Consider, for instance, the traditional advice to accelerate
the payment of deductions and defer the receipt of income, whenever possible
-- a decision that should never be made without a thorough review of the numbers.
Though still right for most people, that tactic can be inappropriate and even
result in a bigger tax tab if you overlook the AMT (Alternative Minimum Tax).

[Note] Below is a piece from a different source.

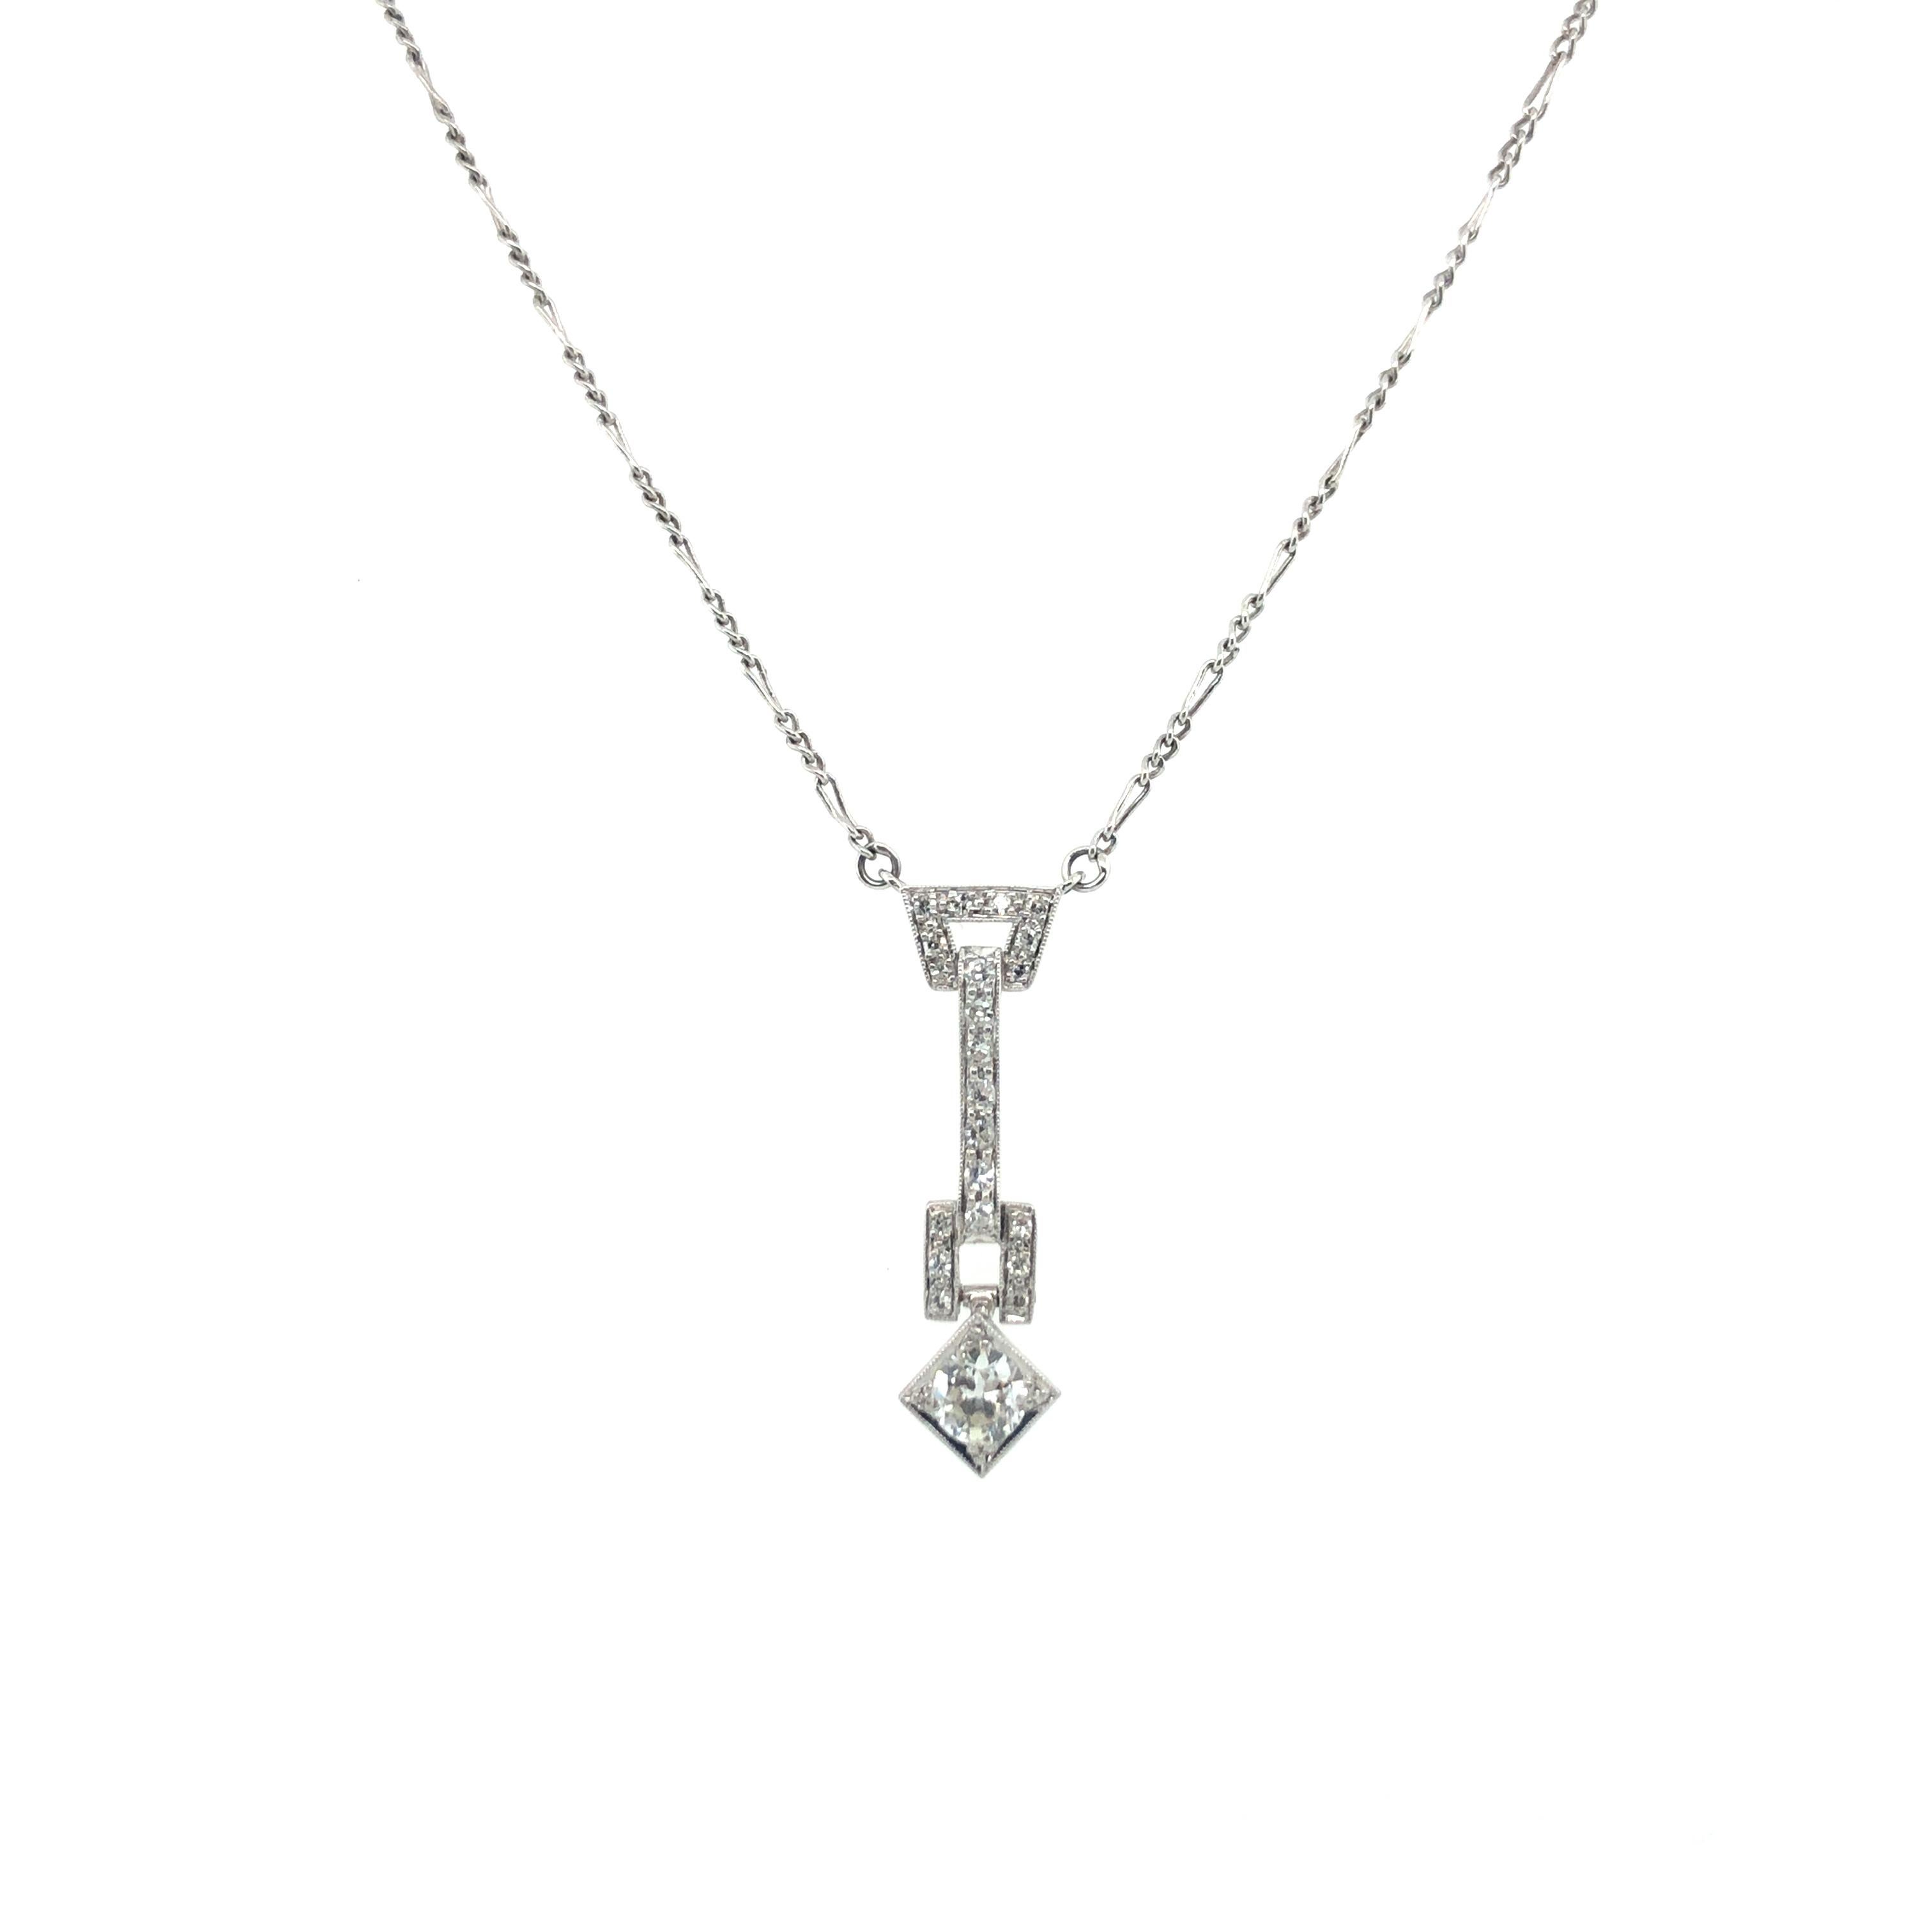 Old European Cut Art Deco Diamond Pendant Necklace in Platinum 950
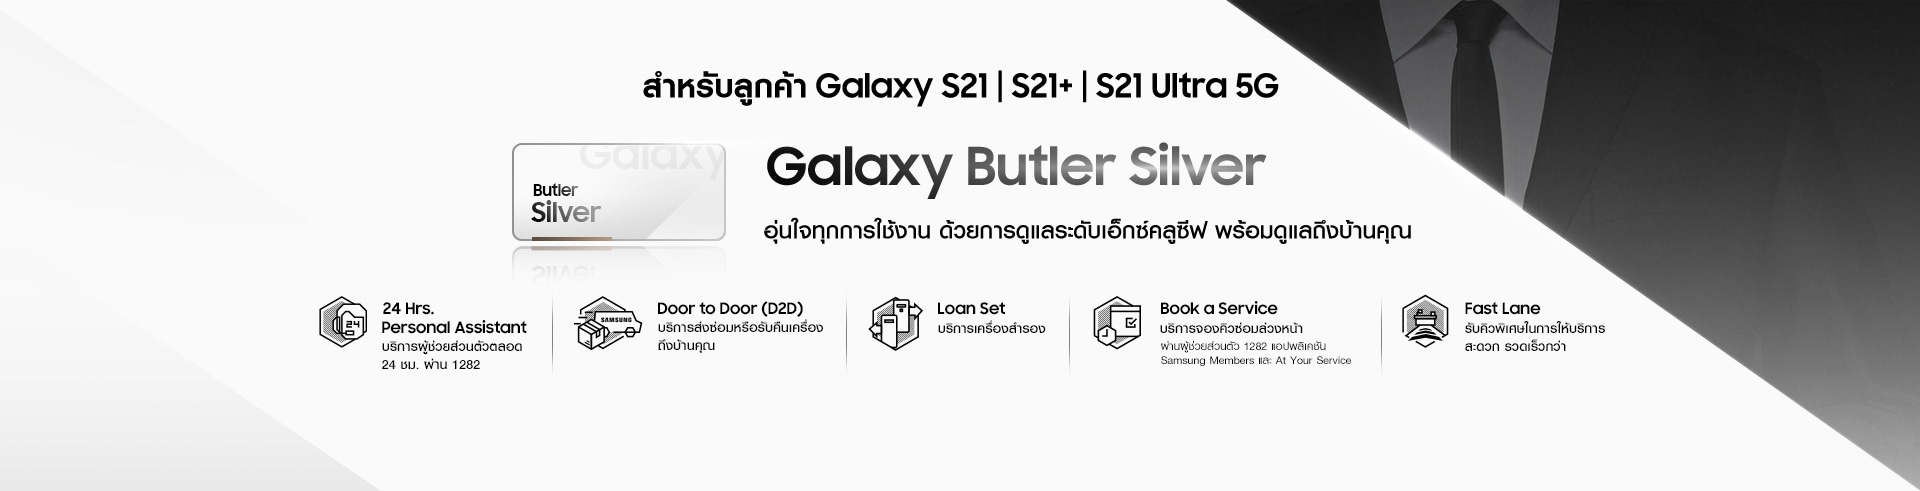 ดูโปร Samsung Galaxy S21 Ultra 5G รับบริการ Galaxy Butler Silver บริการผู้ช่วยส่วนตัวตลอด 24 ชม. ผ่าน 1282 พร้อมบริการส่งซ่อมเครื่องหรือรับคืนถึงบ้าน

The AMT is a complex levy structured to ensure the payment of at least some
taxes by even the wealthiest individuals able to avail themselves of the most
sophisticated tax breaks.
If you are hit by the AMT, some otherwise worthwhile year-end
tactics need to be rethought. Among other things, when the AMT is applicable,
medical expenses are allowable only if they top 10 percent of your AGI (Adjusted
Gross Income), not 7.5 percent, as figured under the regular rules for income
taxes. And with AMT, there are no deductions at all for: interest on home-equity
loans obtained for reasons other than to acquire, construct or substantially
improve first or second homes; state and local income taxes; and for miscellaneous
deductions.
TIP. In your zealous quest for tax savings, you ought not to get
so carried away that you fail to ask yourself an important question: Is it worth
the time or effort to get the answer to whether you ought to speed up or postpone
income or deductions? Even worse, the cost of your time, not to mention the
dent in your checkbook if you rely on high-priced professional help to do your
planning, could prove to be greater that the savings you reap.